Federal student loans come with low fixed interest rates and extensive borrower protection, so it is generally best to consider these loans first. However, private student loans have higher loan amount limits and can be a good alternative if you need to borrow more or do not qualify for federal loans.
The main types of student loans
Understanding the different types of student loans available is an important part of finding the best one for your needs.
There are two main types of student loans: federal and private. Within each type, there are several loan options intended for different types of borrowers. Direct Subsidized Loans, for instance, are available only to undergraduate students with financial need, while Direct PLUS Loans are meant for parents and graduate students.
Direct Subsidized Loan | Direct Unsubsidized Loan | Direct PLUS Loan | Private student loan | |
---|---|---|---|---|
Type | Federal | Federal | Federal | Private |
Interest rate | 5.50% (2023-24) | 5.50% for undergraduates, 7.05% for graduates (2023-24) | 8.05% (2023-24) | 4% to 15% |
Repayment term | Standard term is 10 years | Standard term is 10 years | Standard term is 10 years | 5 to 25 years |
Eligible borrowers | Undergraduates with financial need; borrowers must be a U.S. citizen or permanent resident and meet other eligibility criteria | Undergraduates and graduates; borrowers must be a U.S. citizen or permanent resident and meet other eligibility criteria | Graduates and parents; borrowers must be a U.S. citizen or permanent resident and meet other eligibility criteria | Undergraduates, graduates and parents; borrowers must have good credit and a steady income |
Best for | Undergraduate borrowers from low-income families | Borrowers who don’t qualify for need-based aid | Graduate students who have maxed out unsubsidized loans; parents | Borrowers who have maxed out federal loans; borrowers with excellent credit |
Each of the student loan types have limits on what you can borrow. For instance, the maximum you can borrow annually with a Direct Subsidized Loan and a Direct Unsubsidized loan is from $5,500 up to $12,500. Graduate or professional students can borrow as much as $20,5000 annually using a Direct Unsubsidized loan.
In addition, the Department of Education allows Direct PLUS loans to cover any remaining college costs that have not been taken care of by financial aid.
Types of federal student loans
While there are many ways to pay for college, federal student loans are one of the most popular options.
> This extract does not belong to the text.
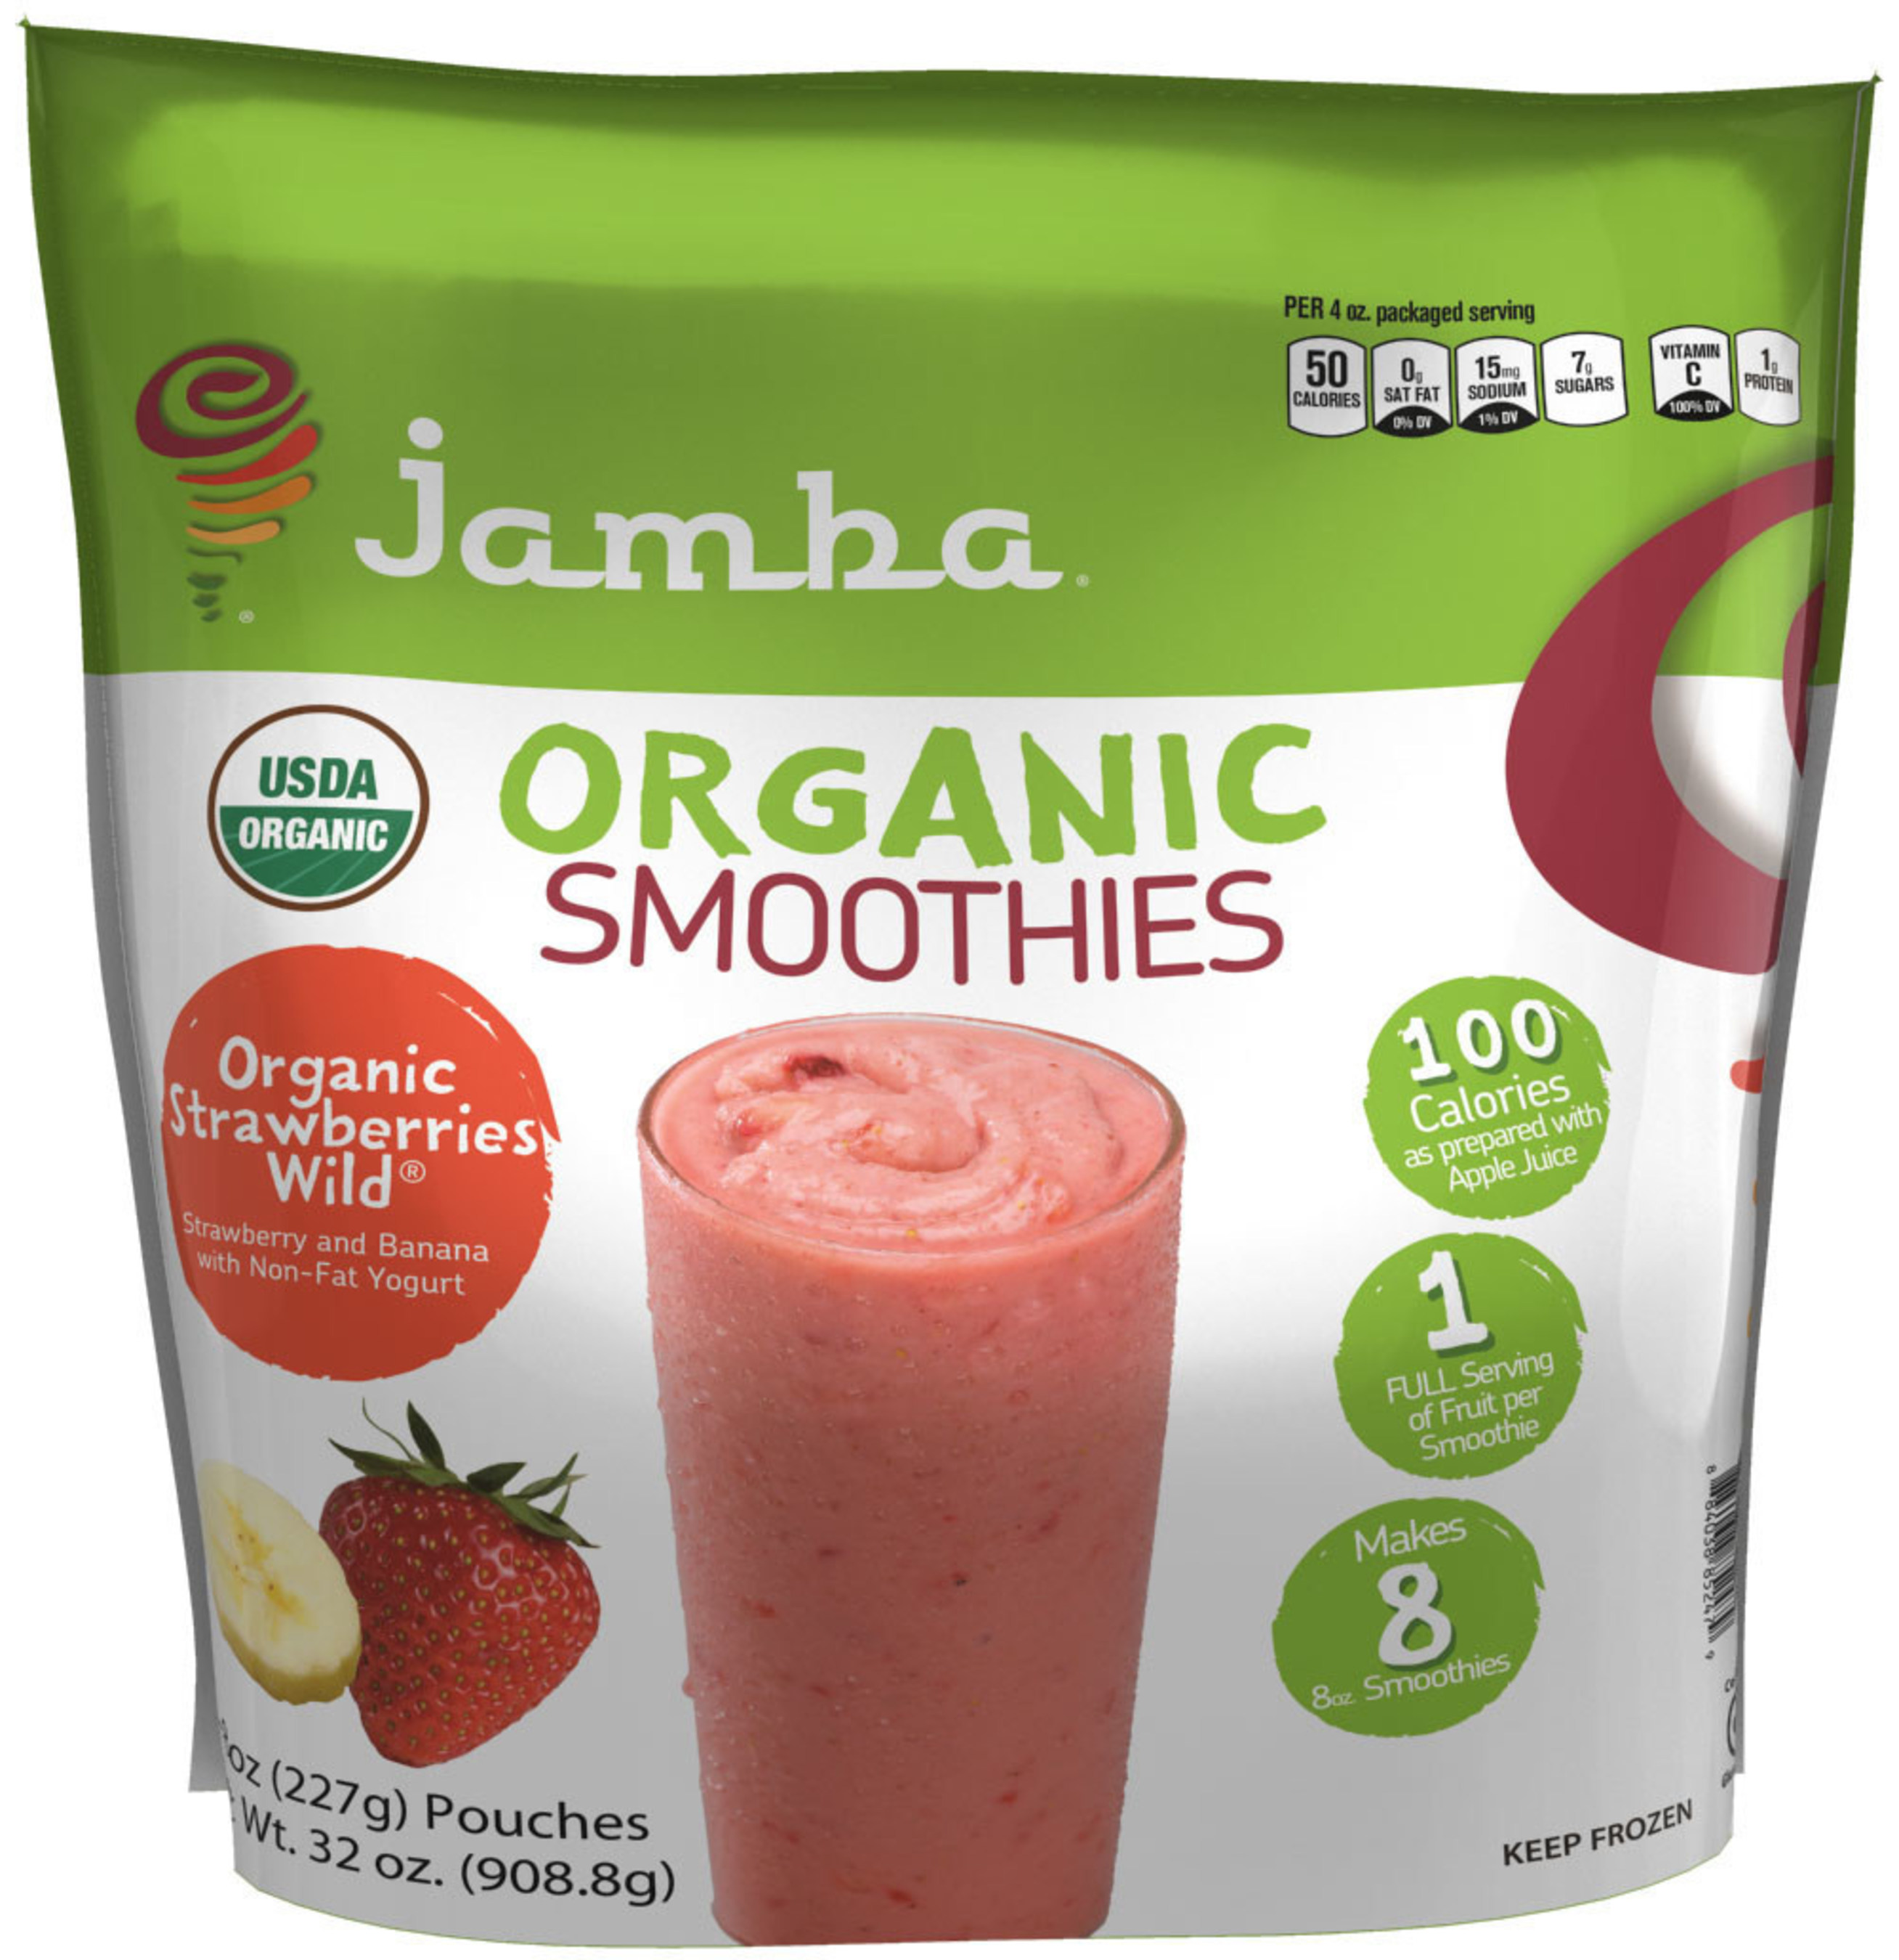 Jamba At-Home smoothie line welcomes new certified-organic variety in bulk-sized package available at Sam's Club

These loans offer flexible payment options and often have low interest rates. The federal Direct Loan Program offers a few loan types.
Direct Subsidized Loans
Direct Subsidized Loans are available to undergraduate students who have demonstrated financial need. These loans do not accrue interest while the borrower is in school, during the six-month grace period or any deferment period afterward.
Direct Unsubsidized Loans
Direct Unsubsidized Loans are available to undergraduate, graduate and professional students. Borrowers do not need to demonstrate financial need, but these loans accrue interest immediately. This means that you’ll be accruing interest during school, after you graduate and during periods of deferment and forbearance.
Direct PLUS Loans
Direct PLUS Loans are available to graduate or professional students and/or parents of dependent undergraduate students to help pay for education expenses. Direct PLUS Loans (also known as graduate PLUS loans and parent PLUS loans) carry higher interest rates and higher loan origination fees than Direct Subsidized and Unsubsidized Loans.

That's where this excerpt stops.